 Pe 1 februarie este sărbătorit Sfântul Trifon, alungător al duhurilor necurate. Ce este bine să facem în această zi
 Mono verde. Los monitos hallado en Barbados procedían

---

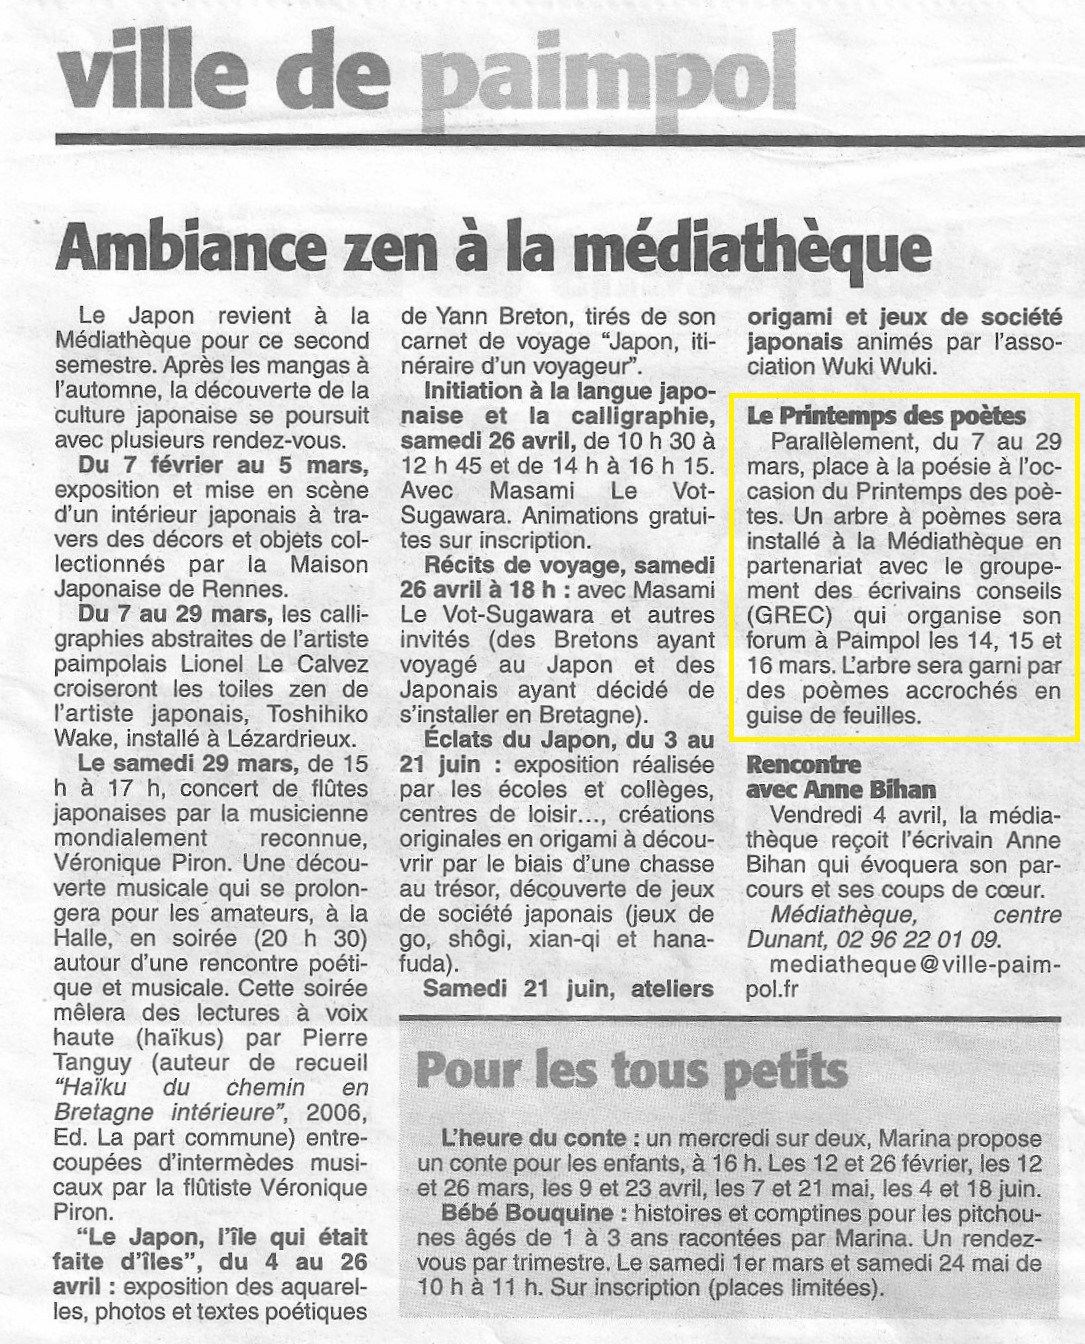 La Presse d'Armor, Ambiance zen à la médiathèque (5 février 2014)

* _What you need to do_
Could you set down, exactly as written, the lines above between the one holding "Pe 1 februarie" and the one holding "Mono verde. Los", inclusive, and nothing more?

* _Answer_
 Pe 1 februarie este sărbătorit Sfântul Trifon, alungător al duhurilor necurate. Ce este bine să facem în această zi
 Mono verde. Los monitos hallado en Barbados procedían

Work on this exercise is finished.